4. I Wasn’t Born To Follow from The Notorious Byrd Brothers (1968)

A Gerry Goffin and Carole King taken from 1968’s wonderful Notorious Byrd Brothers album, this wonderful slice of acid-tinged cosmic rock fitted perfectly on the following year’s Easy Rider soundtrack. As George Hanson says to Billy in the stoner’s classic: “You know, this used to be a helluva good country. I can’t understand what’s gone wrong with it.

5. Mr Tambourine Man from Mr Tambourine Man (1965)

Ask the man on the street to name one Byrds song and it would probably be this. Taking Dylan’s rambling original, McGuinn and co condense it into one glorious mass of harmonies, 12-string guitar and one of the most distinctively memorable intros in pop history. McGuinn later said the song was a “prayer of submission to God“. I imagine God obliged.

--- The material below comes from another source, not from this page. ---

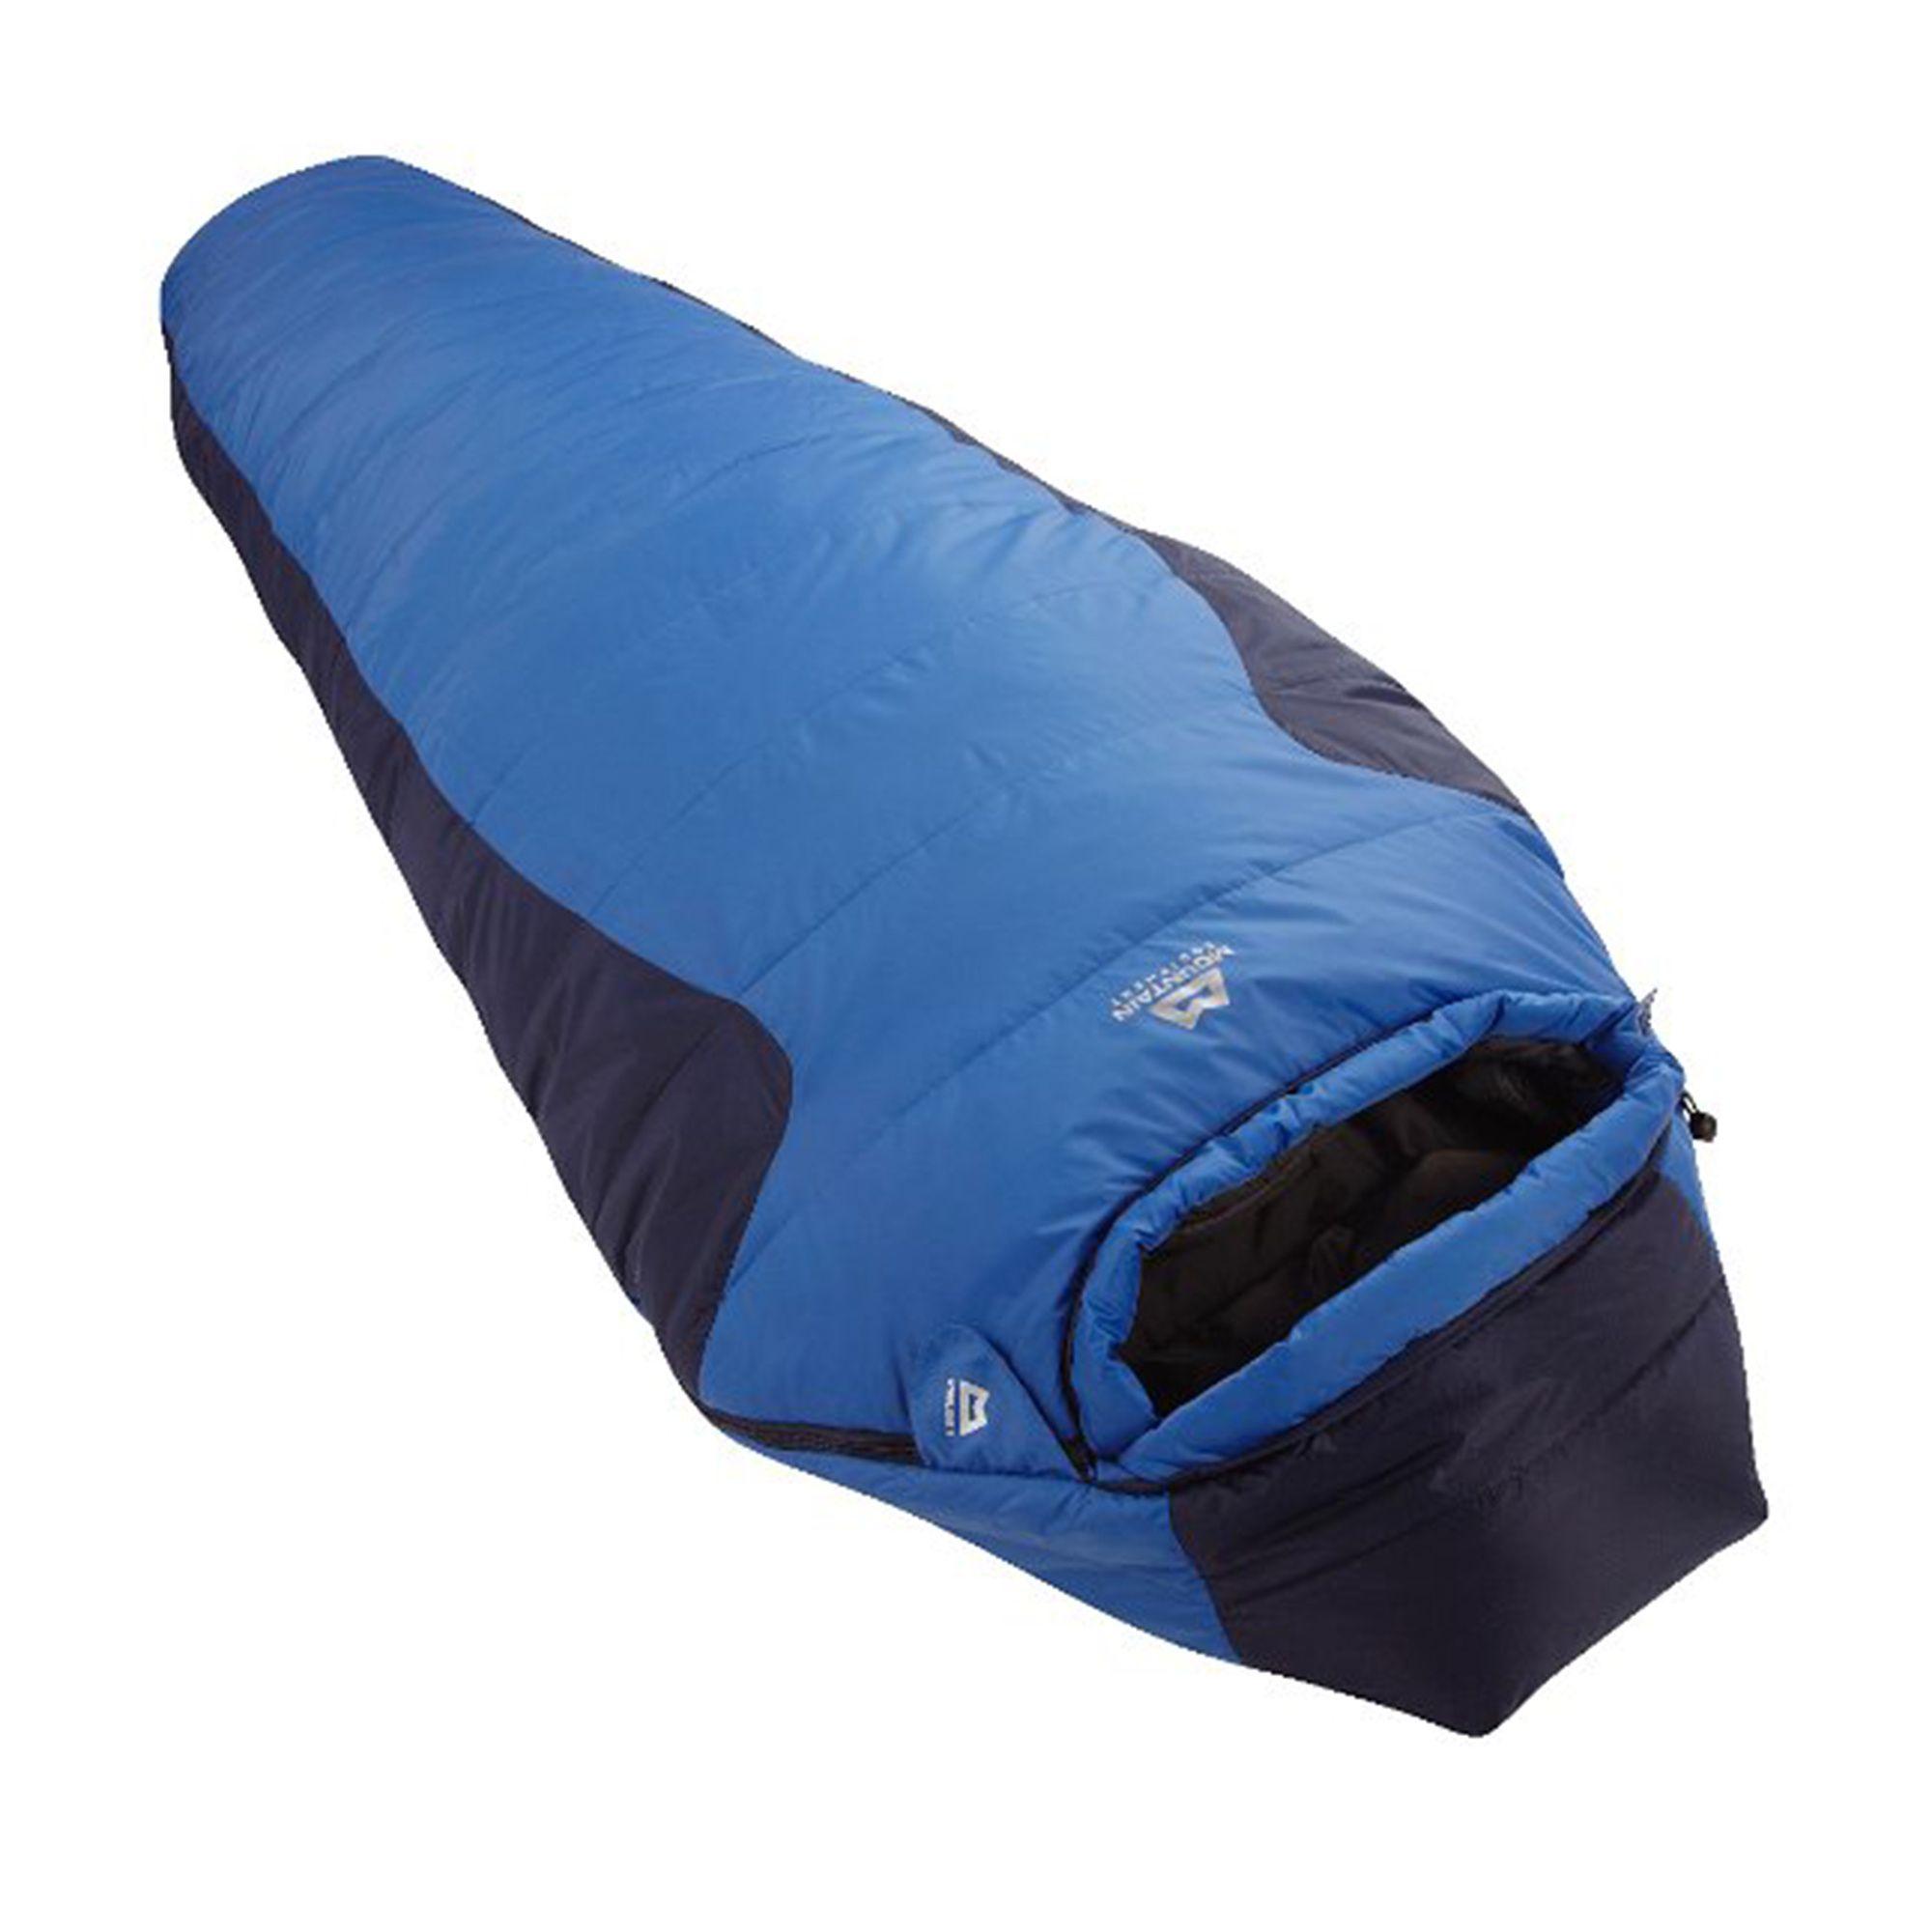 MOUNTAIN EQUIPMENT Starlight II Sleeping Bag

6. Goin’ Back from The Notorious Byrd Brothers (1968)

While their best known for the Dylan covers, the Byrds had a special relationship with songwriters Goffin and King who originally offered this song to Dusty Springfield in 1966. Dusty’s sublime version is hard to top but the Byrd’s male spin on the song’s lament for lost childhood innocence adds a heartbreaking sense of post-summer of love sadness to proceedings. Crosby hated it, dismissing the song as lightweight fluff. He’s wrong.

7. I’ll Feel A Whole Lot Better from Mr Tambourine Man (1965)

The Byrd’s poppiest moment was tucked away on the b-side of All I Really Want To Do and showcased both Gene Clarke’s incredible song writing abilities and his warm, country-tinged vocals. So much of what made the early Byrds great is crystalised in the song from McGuinn, Clarke and Crosby’s complex harmonies to McGuinn’s jangle. The use of the word ‘probably’ still stands out giving the song a whole new subtext beyond the usual boy meets girl platitudes of pre-Beatles pop.

8. You Aint Going Nowhere from Sweetheart of the Rodeo (1968)

Another Dylan song, another triumph. The lead track on Sweetheart of the Rodeo, it ushered in the band’s new country rock sound and showed what a goldmine Dylan’s Basement Tapes would prove to be for those seeking the more obscure. The group’s final mainstream hit but what a way to go.

9. 5D (Fifth Dimension) from Fifth Dimension (1966)

Possibly even more psychedelic than Eight Miles High, 5D (Fifth Dimension) is a virtual advocacy of LSD with added kaleidoscopic keyboards supplied by Brian Wilson cohort Van Dyke Parks. McGuinn described the song as “an ethereal trip into metaphysics, into an almost Moslem submission to an Allah, an almighty spirit, free-floating, the fifth dimension being the ‘mesh’ which Einstein theorized about.” Who am I to argue?

10. You Showed Me from In The Beginning (1988)

Written as early as 1963, by McGuinn and Gene Clarke, You Showed Me’s strange mix of major and minor chords was quickly jettisoned by the Byrds before becoming a huge hit in 1968 for The Turtles and again in 1997 for the Lightning Seeds. It’s also been sampled by De La Soul and Kanye West.